[Stored dataset items]
════════════════════

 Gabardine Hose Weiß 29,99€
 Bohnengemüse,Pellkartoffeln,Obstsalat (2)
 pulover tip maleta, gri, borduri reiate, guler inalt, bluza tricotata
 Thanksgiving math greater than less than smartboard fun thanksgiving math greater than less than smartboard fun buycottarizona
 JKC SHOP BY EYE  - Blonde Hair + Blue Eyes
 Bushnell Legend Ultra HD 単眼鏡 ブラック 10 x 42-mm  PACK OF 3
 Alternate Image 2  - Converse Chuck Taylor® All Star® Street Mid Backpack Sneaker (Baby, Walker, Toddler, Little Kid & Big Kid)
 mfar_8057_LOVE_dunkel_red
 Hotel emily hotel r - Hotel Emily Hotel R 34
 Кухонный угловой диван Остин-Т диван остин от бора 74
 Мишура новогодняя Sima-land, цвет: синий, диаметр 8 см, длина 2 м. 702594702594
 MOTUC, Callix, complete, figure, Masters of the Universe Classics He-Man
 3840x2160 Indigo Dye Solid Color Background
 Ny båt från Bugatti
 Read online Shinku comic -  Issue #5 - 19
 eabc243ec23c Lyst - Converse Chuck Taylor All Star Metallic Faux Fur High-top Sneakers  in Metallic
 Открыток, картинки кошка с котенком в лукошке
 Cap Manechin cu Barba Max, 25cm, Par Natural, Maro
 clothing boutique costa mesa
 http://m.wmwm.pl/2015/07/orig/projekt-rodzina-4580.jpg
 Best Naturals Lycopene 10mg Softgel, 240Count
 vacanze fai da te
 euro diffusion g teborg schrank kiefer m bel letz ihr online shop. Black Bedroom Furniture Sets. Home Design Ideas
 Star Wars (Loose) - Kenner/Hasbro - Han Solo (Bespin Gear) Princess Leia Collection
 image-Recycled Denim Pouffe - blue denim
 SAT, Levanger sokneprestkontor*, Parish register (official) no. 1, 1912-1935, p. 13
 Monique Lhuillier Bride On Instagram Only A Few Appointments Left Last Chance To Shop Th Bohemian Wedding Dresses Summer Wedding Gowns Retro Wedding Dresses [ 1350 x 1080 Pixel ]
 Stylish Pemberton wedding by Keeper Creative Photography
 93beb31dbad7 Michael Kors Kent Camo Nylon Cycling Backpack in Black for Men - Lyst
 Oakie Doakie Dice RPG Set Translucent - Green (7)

════════════════════

> _What is required_:
Please output exactly the lines from the one containing "Star Wars (Loose)" through the end of the records, both included.

> _Answer box_:
 Star Wars (Loose) - Kenner/Hasbro - Han Solo (Bespin Gear) Princess Leia Collection
 image-Recycled Denim Pouffe - blue denim
 SAT, Levanger sokneprestkontor*, Parish register (official) no. 1, 1912-1935, p. 13
 Monique Lhuillier Bride On Instagram Only A Few Appointments Left Last Chance To Shop Th Bohemian Wedding Dresses Summer Wedding Gowns Retro Wedding Dresses [ 1350 x 1080 Pixel ]
 Stylish Pemberton wedding by Keeper Creative Photography
 93beb31dbad7 Michael Kors Kent Camo Nylon Cycling Backpack in Black for Men - Lyst
 Oakie Doakie Dice RPG Set Translucent - Green (7)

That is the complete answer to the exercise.